Sentiment Analysis in Python: Going Beyond Bag of Words
This code based tutorial provides a brief introduction to Sentiment Analysis, a method used to predict emotions, similar to a digital psychologist.
Image created on DALL-E
Do you know that election results can be predicted to some extent by doing sentiment analysis? Data science can be both amusing and very useful when applied to real-life situations rather than working with mock datasets.
In this article, we will conduct a brief case study using Twitter data. In the end, you will see a case study that has a significant impact on real life, which will surely pique your interest. But first, let's start with the basics.
What is Sentiment Analysis?
Sentiment analysis is a method, used to predict feelings, like digital psychologists. With this, psychologist you created, the destiny of the text you’ll analyze will be in your hands. You can do it like the famous psychologist Freud, or you can just be there like a psychologist, charging 10 dollars per session.

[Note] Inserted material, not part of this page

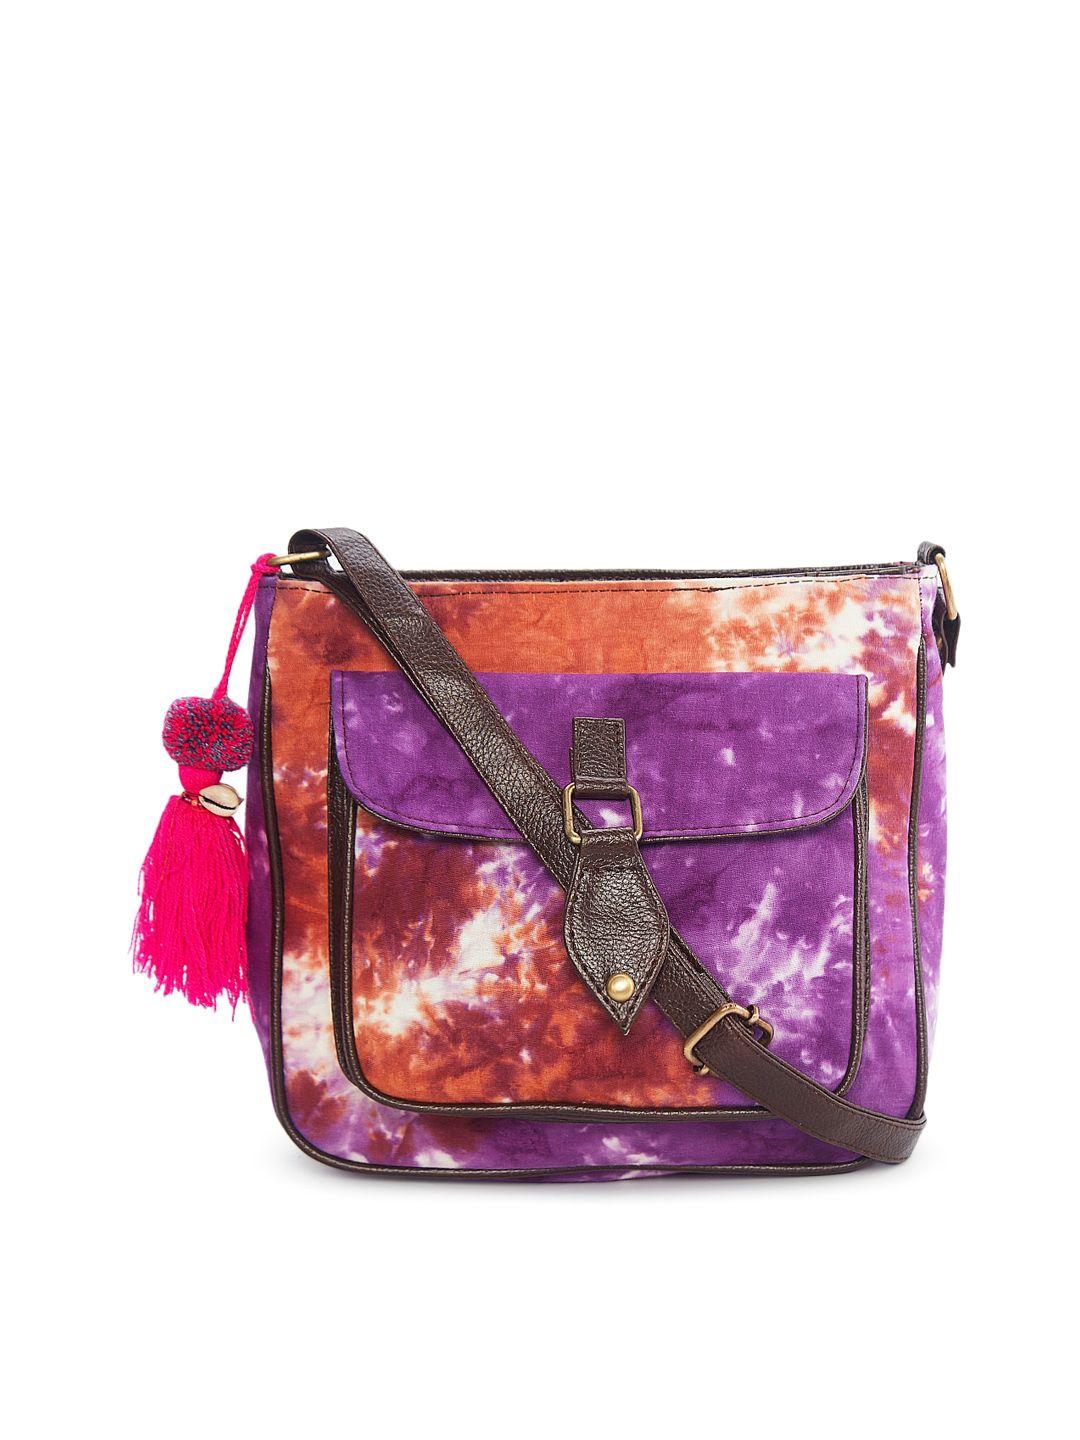 nepri abstract printed structured sling bag with tasselled

Just like your psychologist listens and understands your emotions, sentiment analysis does the same things on text, like reviews, comments, or tweets, as we will do in the next section. To do that, let’s start doing a case study on the ready dataset.
Case Study: Sentiment Analysis on Twitter Data
To do sentiment analysis, we will use datasets from Kaggle. Here this dataset was collected by using twitter api. Here is the link to this dataset: https://www.kaggle.com/datasets/kazanova/sentiment140
Now, let’s start exploring the dataset.
Explore Dataset
Now, before doing sentiment analysis, let’s explore our dataset. To read it, use encoding. Because of this, we will add column names afterwards. You can increase the methods to do data exploration. Head, info, and describe method will give you a great heads up; let’s see the code.
import pandas as pd
data = pd.read_csv('training.csv', encoding='ISO-8859-1', header=None)
column_names = ['target', 'ids', 'date', 'flag', 'user', 'text']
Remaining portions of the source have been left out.